Tradition had it that the rectangular Romanesque hall with a central column in the royal and later archiepiscopal palace on Castle Hill in Esztergom was the birthplace of King Saint Stephen, although it was already clear in the 19th century that this part of the building dated from after the 11th century. Nevertheless, in view of the salient role of the castle in the cult of Saint Stephen, the prince primate and archbishop of Esztergom (1867–1891) János Simor (1813–1891) had the Romanesque room converted into a chapel in 1873–74, a thousand years after the birth of the state and church founder king. The reconstruction was planned by József Lippert, the chief architect of the prince primate who planned in this capacity, among other things, the transformation of the interior of the cathedral and the construction of its vestibule, the primate’s palace, and the purist reconstruction of Pozsony cathedral. The transformation of the hall with the central column included a new aperture, walling up of a niche, erection of an altar, and embellishing of the walls and vault with neo-Romanesque frescoes imitating the Byzantine style painted by the brothers Karl and Franz Xaver Jobst (fig. 3). The completed chapel became a neo-Romanesque Gesamtkunswerk down to the smallest detail, a venue of cult and memory.

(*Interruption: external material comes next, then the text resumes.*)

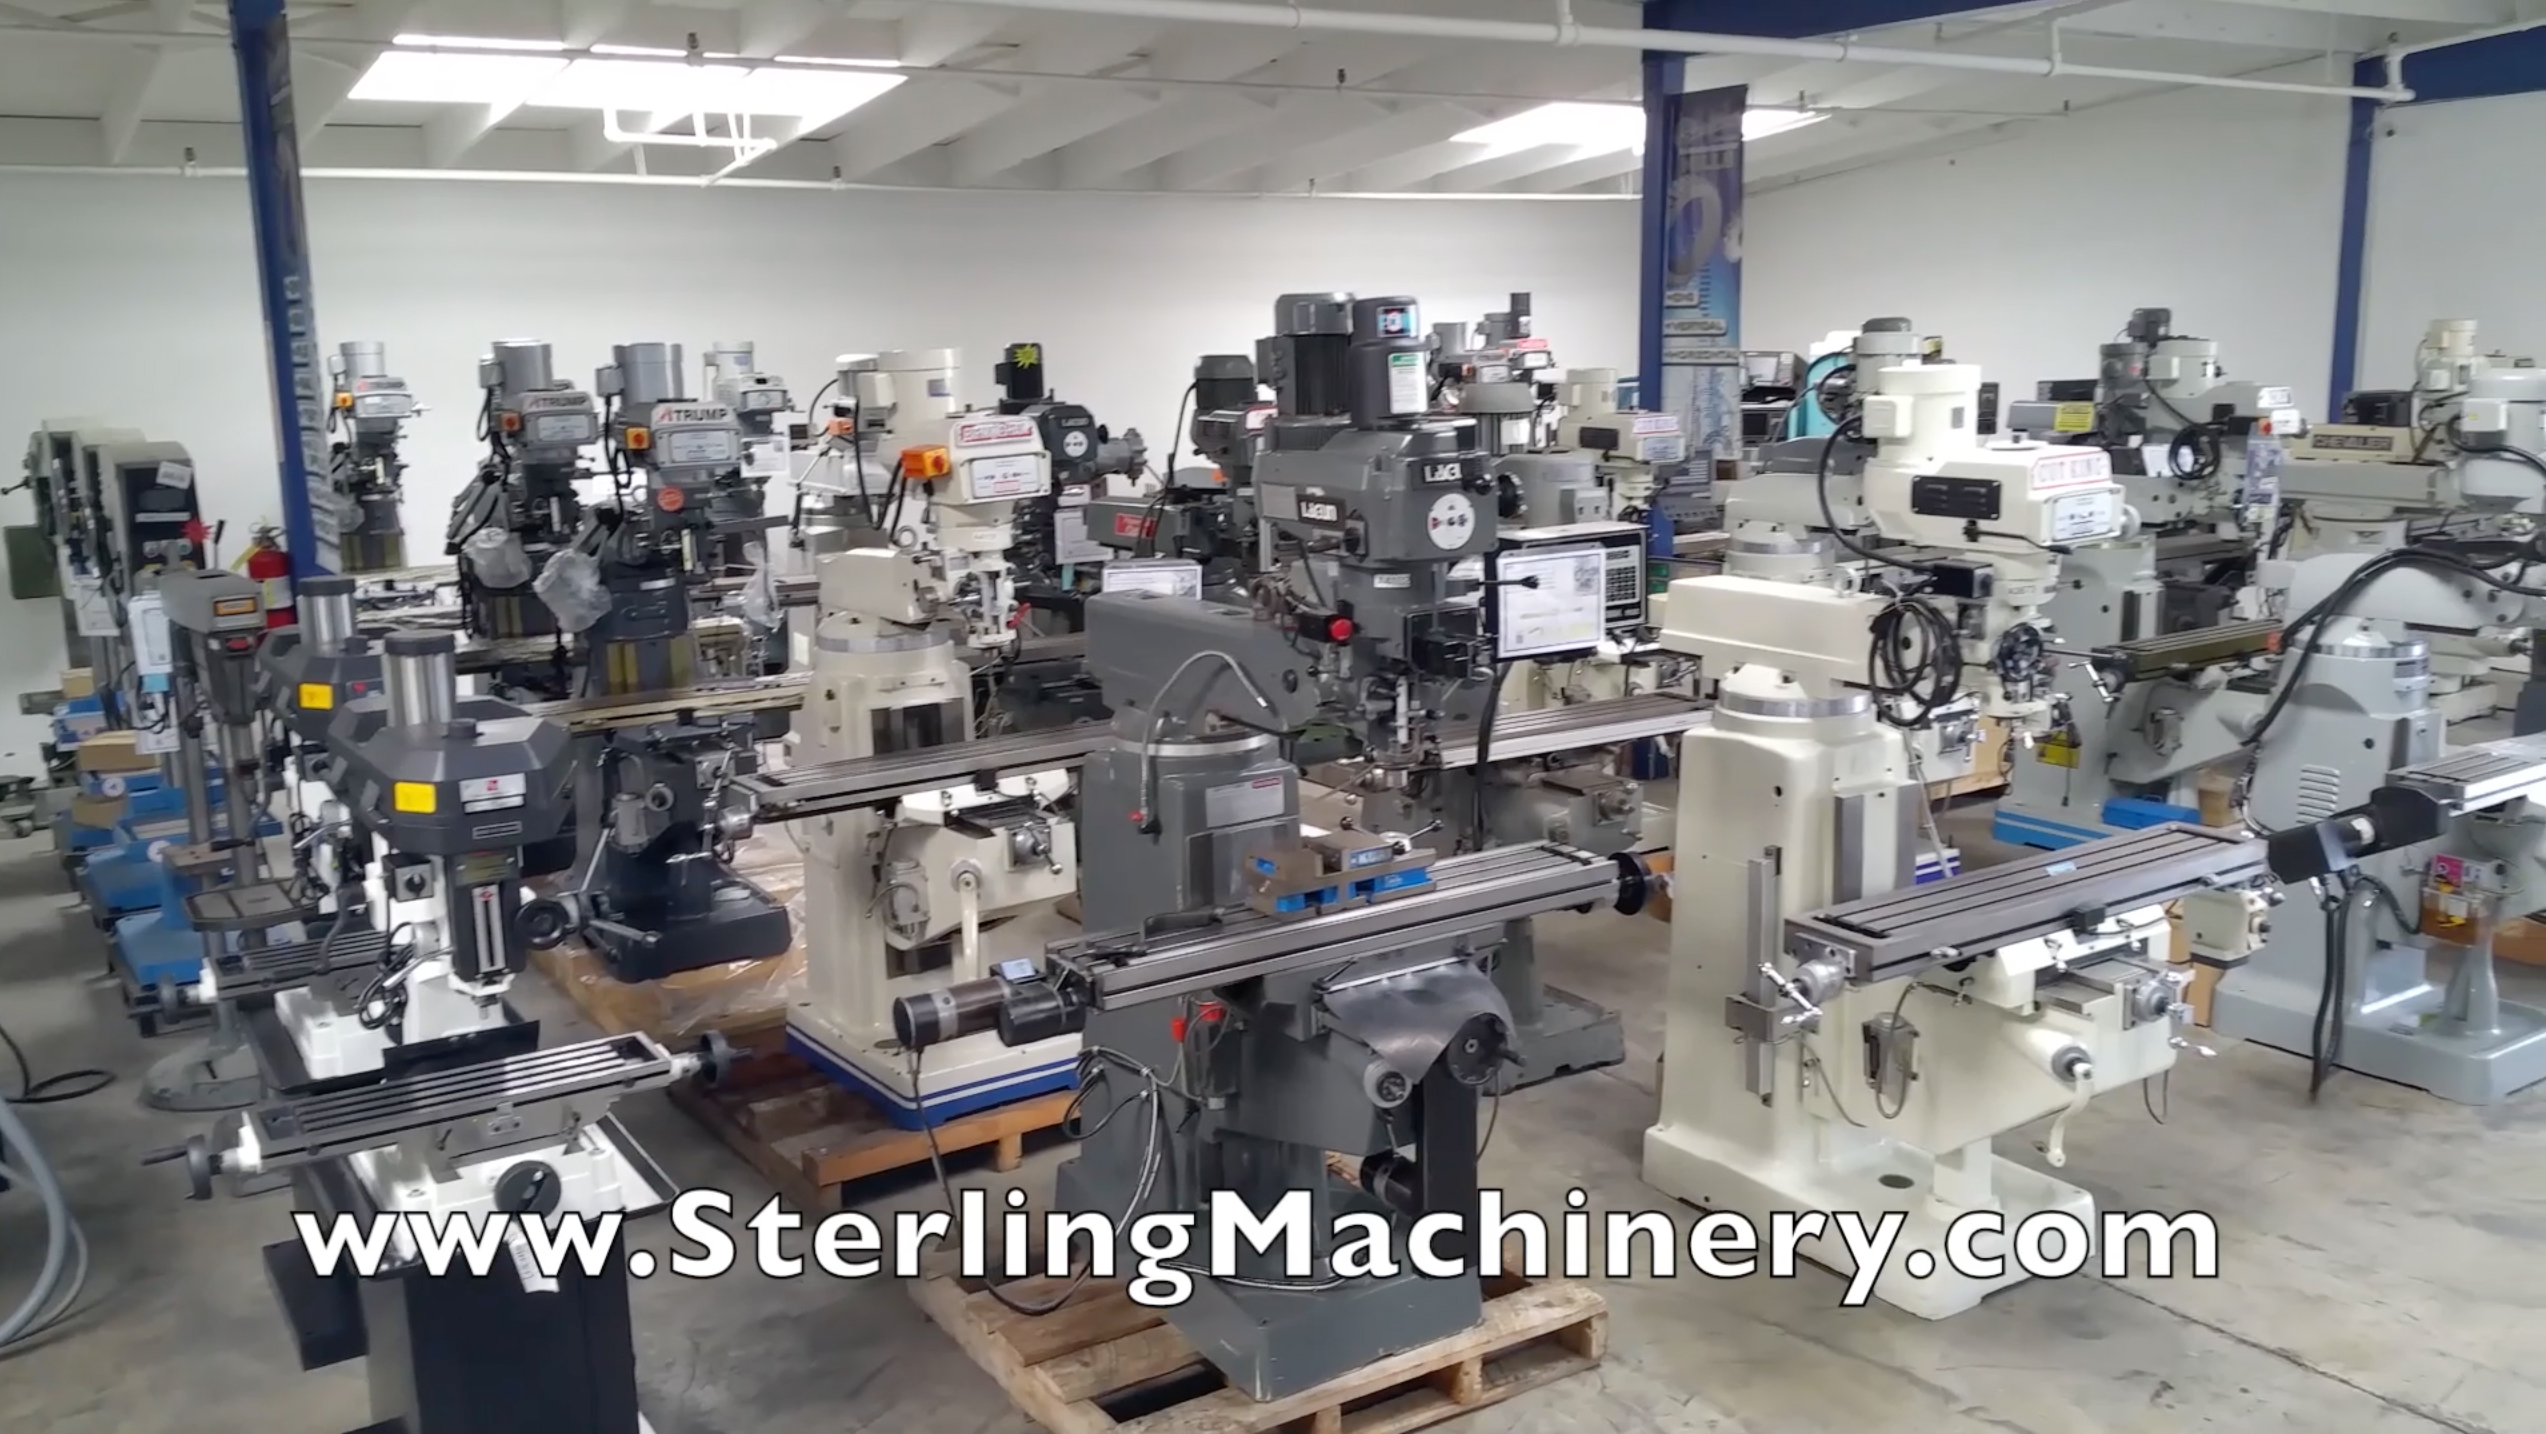 -Sterling Machinery Exchange Company video www.SterlingMachinery.com-01

The decisive part of the painted decoration was the cycle of the salient episodes in St Stephen’s life on the vault arches: 1. Apparition of St Stephen protomartyr to Sarolt, wife of prince Géza (fig. 7). 2. The baptism of Vajk (fig. 11). 3. Bishop Astrick shows the crown brought from Rome to St Stephen (fig. 15). 6. Offering of the country to God (fig. 23). The paper reviews the iconographic antecedents of the scenes and the respective source texts, mentioning so-far unpublished works (figs. 13, 22). In addition to several other findings, it could be concluded that unlike in the period from the 17th to the mid-19th century when the depictions of King St Stephen were imbued with currently topical political implications, the images of the Esztergom cycle are free from such readings. The painters of the frescoes ordered by archbishop Simor mainly used recognized schemes and panels aligning themselves with the iconographic tradition, and therefore the novelty of the decoration which contemporary accounts emphasized must have been their neo-Byzantine style. A few decades later, however, this style must have appeared obsolete, nor did it have followers in its time, either. Apart from the demonstration of iconographic motifs, the direct models of the scenes cannot be determined even for such an extremely rare theme as Sarolt’s dream. That is at the same time proof of the invention of the painters and that is what ranges their work among the important achievements of post-Compromise painting: the ingenious use of motifs of mostly familiar scenes (identified by captions as well) and their arrangement in a new composition in the chosen or required style, with the prudent use of the semi-circular shape of the picture field when need be. It is important to note that no other picture cycle was created of St Stephen’s life in the second half of the 19th century. Moreover, some of the scenes have demonstrable linkage to stations in the life path of archbishop Simor, which must have influenced the finalization of the programme.
During the archaeological excavations and reconstruction on Castle Hill in 1934–1938 the historicist elements of the hall with a central column were removed (fig. 4). Until how, research thought the painted decoration by the Jobst brothers had perished and were only known in reproduction. However, it must have been removed by Mauro Pellicioli or an assistant of his who had been invited to Hungary from Milan by Tibor Gerevich. I chanced upon the removed frescoes in a remote storeroom of Esztergom cathedral in 2011 with Veronika Nagy.